The Delhi government also blamed the Centre for using the city’s airports to bring in people from other countries. “Delhi and Mumbai are the two cities where people were brought in from other nations via flights, and we warned the Centre against it but they did nothing to avoid the landing of flights in Delhi,” said Jain.

The minister also said that another lockdown would not help in curtailing the spread of the viral infection. “When the lockdown was imposed, there were 100 cases across the country and now that number has gone up to thousands. If we impose lockdown again, there will be no logic as the cases will increase from around 2.5 lakh to 25 lakh despite the lockdown,” he said.

Amit Singh, associate professor at the Centre for Infectious Disease Research, Indian Institute of Science, Bengaluru said, “We went into a lockdown a little early and even the relaxation of restrictions happened a little early. Other countries lifted their lockdown when their curve had started to come down, but we did it when the curve is going up exponentially. It was not well-timed. However, economic considerations have to be kept in mind. The only strategy that the government can now adopt is aggressively test and isolate those with the infection or close areas where they think the infection is circulating in the community.”

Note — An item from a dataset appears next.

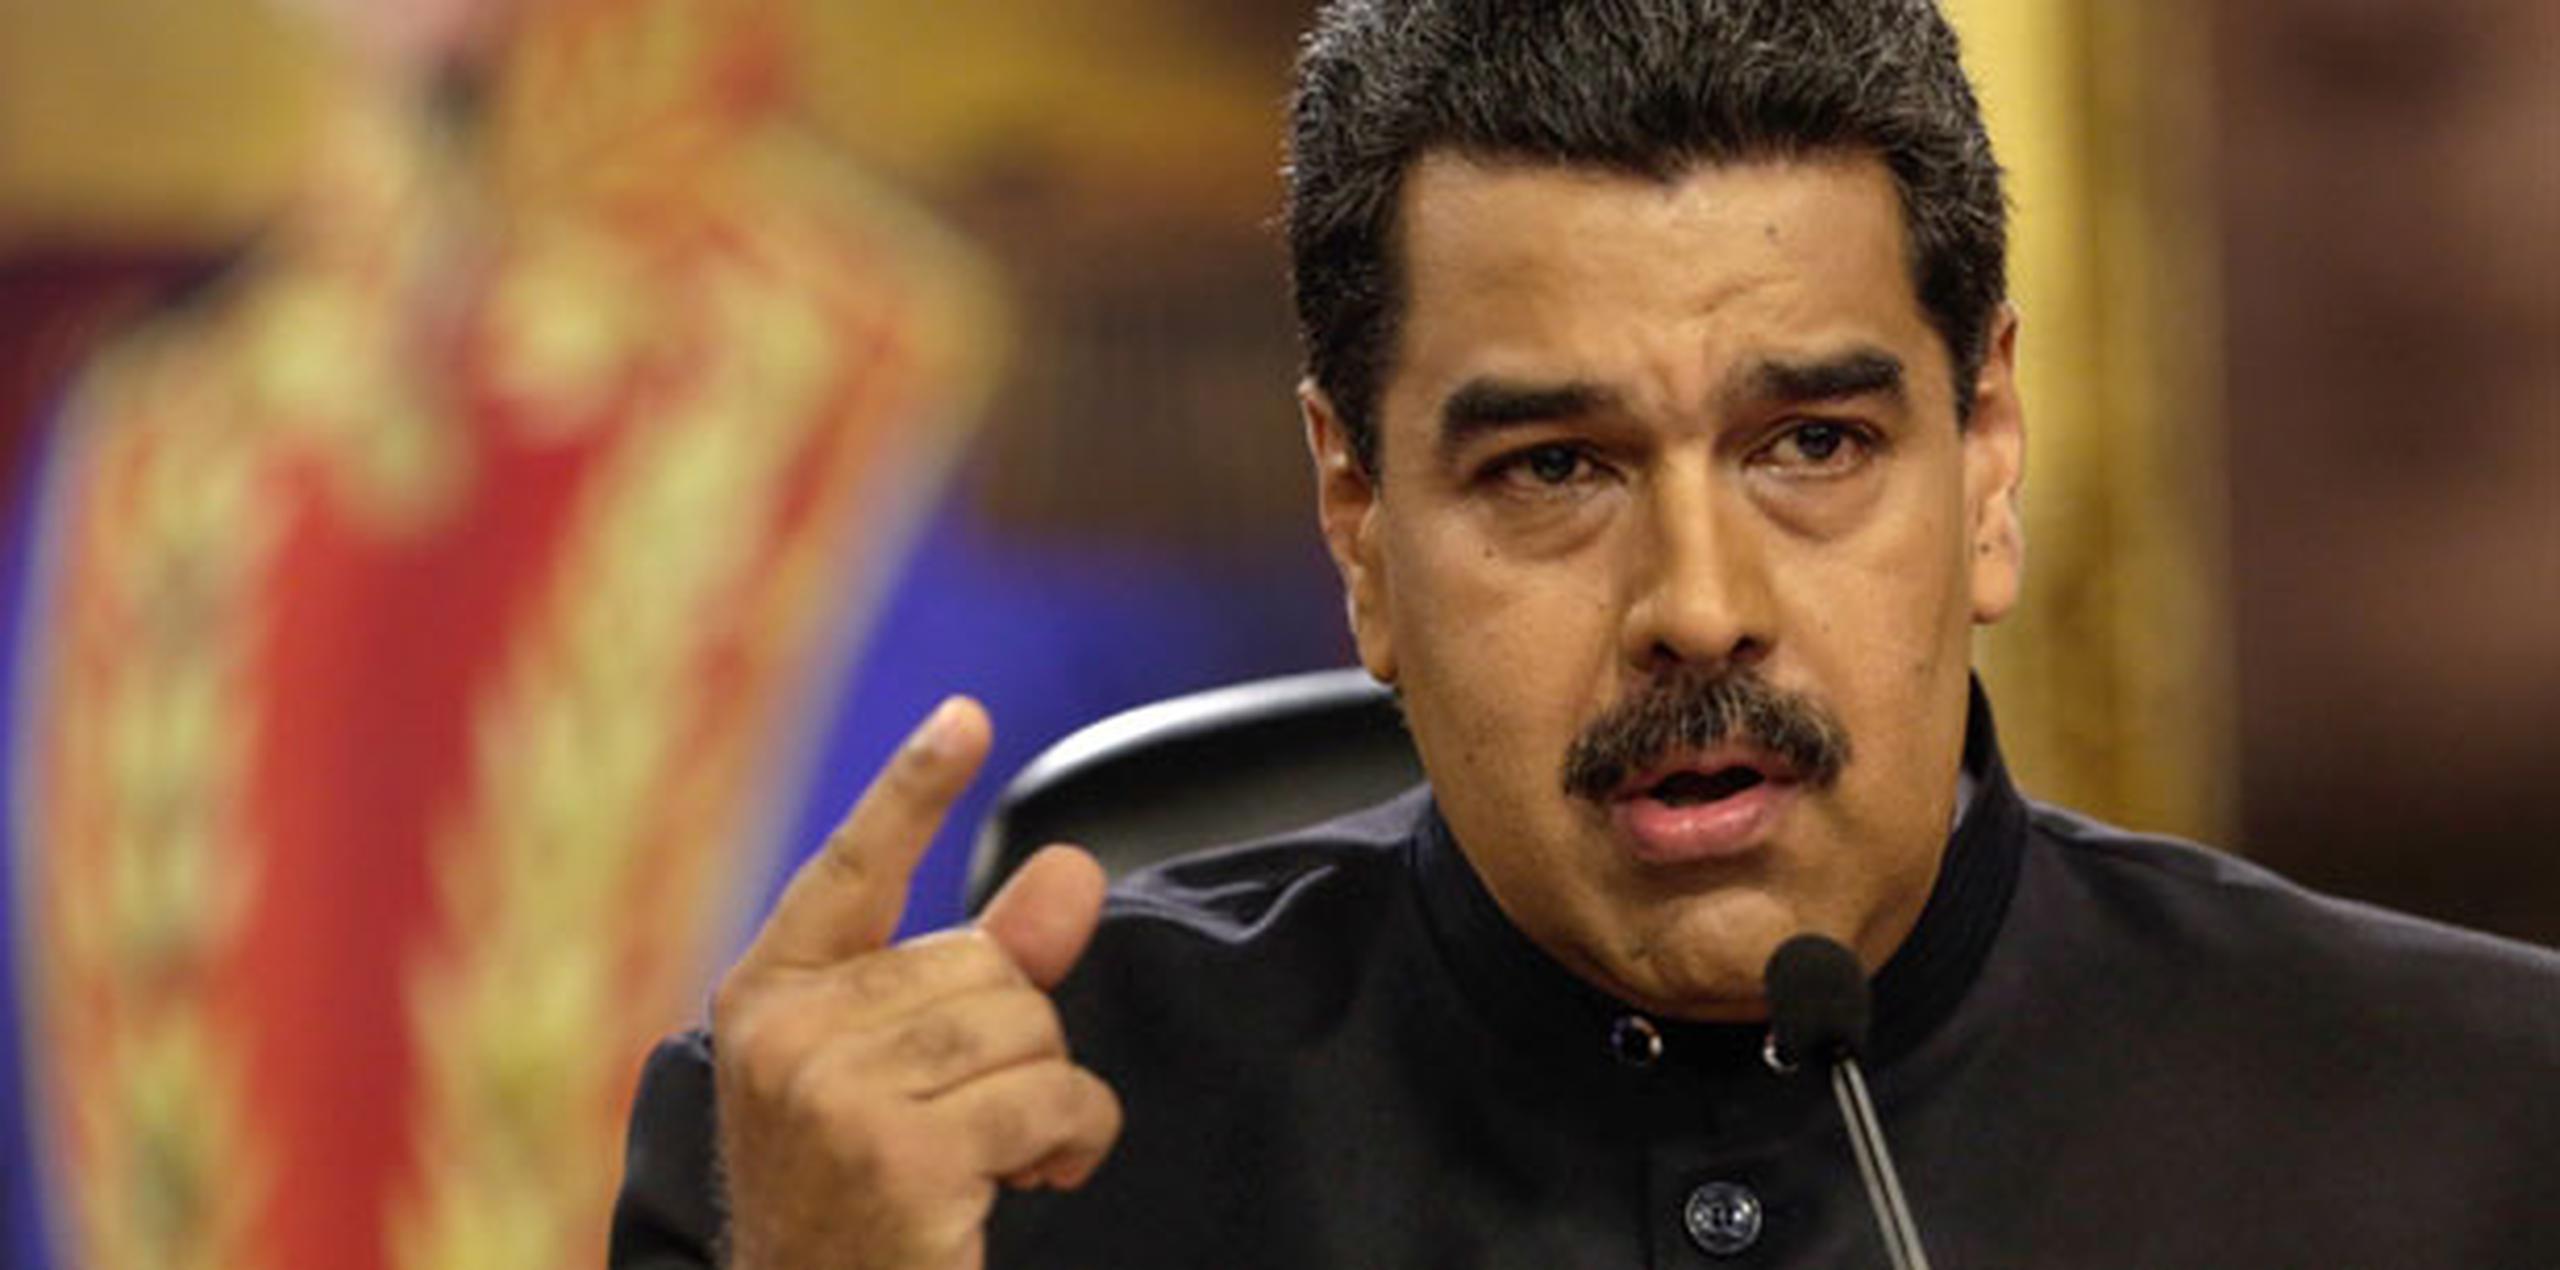 Las medidas apuntan a cuatro altos funcionarios venezolanos que Washington dice son responsables de promover la votación y minar la democracia en Venezuela. (EFE)

The Delhi government had on June 2 restricted its testing criteria excluding asymptomatic contacts who weren’t old or have known co-morbidities such as diabetes, hypertension, or cancer. The Lieutenant Governor on Monday reversed the decision.

The health minister also said that the Delhi government had to be prepared as none of the predictions were coming true, such as people believing that the spread of Covid-19 would come down when the temperature increased.

“Epidemiologically, seasonality does not play a role when there is an epidemic because there is a high pool of susceptible people. This was also seen during the H1N1 pandemic, when for two years the seasonality had changed completely before the infection becoming endemic and starting to follow the pattern. The same is likely to happen with Covid-19,” said Dr Broor.

The health minister said the government was working towards arranging twice the number of beds than patients in the hospitals. “By June 15, around 7,000 beds will be occupied and by June 30, 15,000. We are preparing for the foreseeable situation of June 30, and for that, we are making preparations of the Covid infrastructure in stadiums, banquet halls, and hotels,” he said.